# Full UFS encryption process alike ZFS



## patrivoglio (Dec 4, 2020)

Hello,

I am checking out FreeBSD and its documentation as I am preparing to make a switch to it on my daily laptop and a few home devices. I made two test installations, one with ZFS and one with UFS and I noticed that the boot and decryption process looks a bit differently between those two filesystem options.

What I like about the ZFS guided partitioning with encryption enabled is that on surface it works comparatively to the way I have setup my OpenBSD box - it asks me for a passphrase immediately before seemingly loading anything. Under the UFS setup that I followed looking over at some videos on YouTube [1] [2] as well as some websites with similar walkthroughs, the process is slightly different - it first show Beastie and starts echoing some loading messages, only to ask me for a passphrase after a while, which also happens to be a bit untidy as it also prints a number of messages *after* already having asked for the passphrase and then hangs with just a underscore prompt waiting for password.
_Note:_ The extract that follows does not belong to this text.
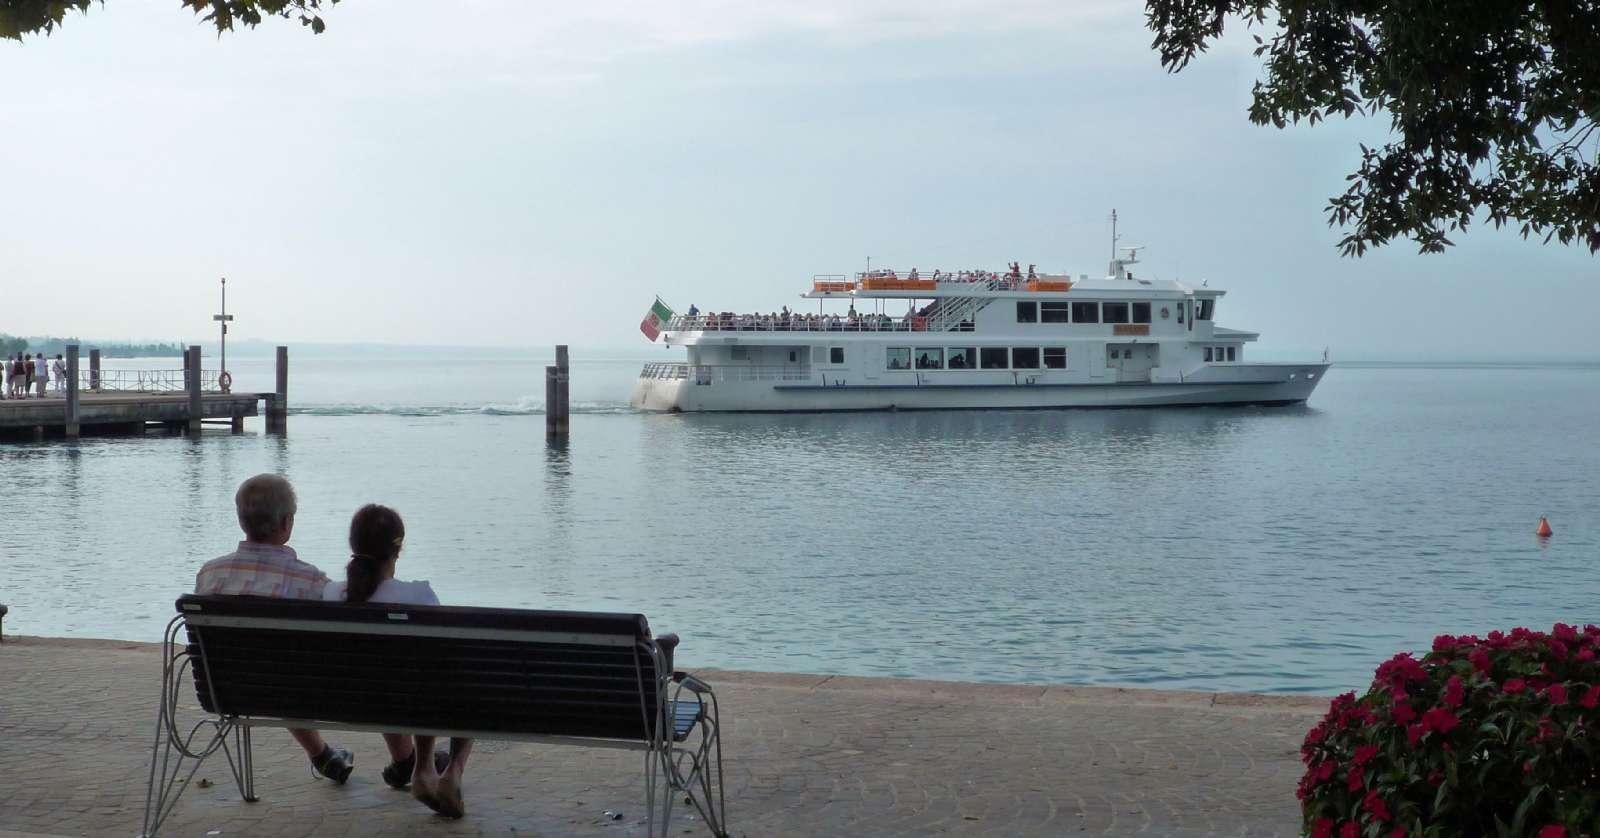 Färjan avgår ofta till övriga städer runt Gardasjön

I suppose my question is if anyone managed to set up the UFS disk encryption the way it is for a ZFS setup - with the decryption happening early and not after Beastie? Is that possible? I was thinking of taking a look at installer scripts to perhaps see what is being done for ZFS and then trying to tune it to work with UFS, but I figured I'd ask first here before I start messing with a live device.

[1] 



_View: https://www.youtube.com/watch?v=FmRgCXlhHds_

[2] 



_View: https://www.youtube.com/watch?v=lfIXnmI_2UA_


----------



## chrbr (Dec 5, 2020)

Hello patrivoglio,
may be https://www.freebsd.org/doc/en_US.ISO8859-1/books/handbook/disks-encrypting.html gives enough information. I guess that this is what you want (from the geli section):

```
Allows the root partition to be encrypted. 
The passphrase used to access the encrypted root 
partition will be requested during system boot.
```


----------



## patrivoglio (Dec 8, 2020)

Thank you. I looked over it, but I'm still unable to install the OS correctly. The installer either encounters a problem once I exit shell partitioning and needs to restart or, if it manages to finish the installation and configuration, no system is detected after reboot.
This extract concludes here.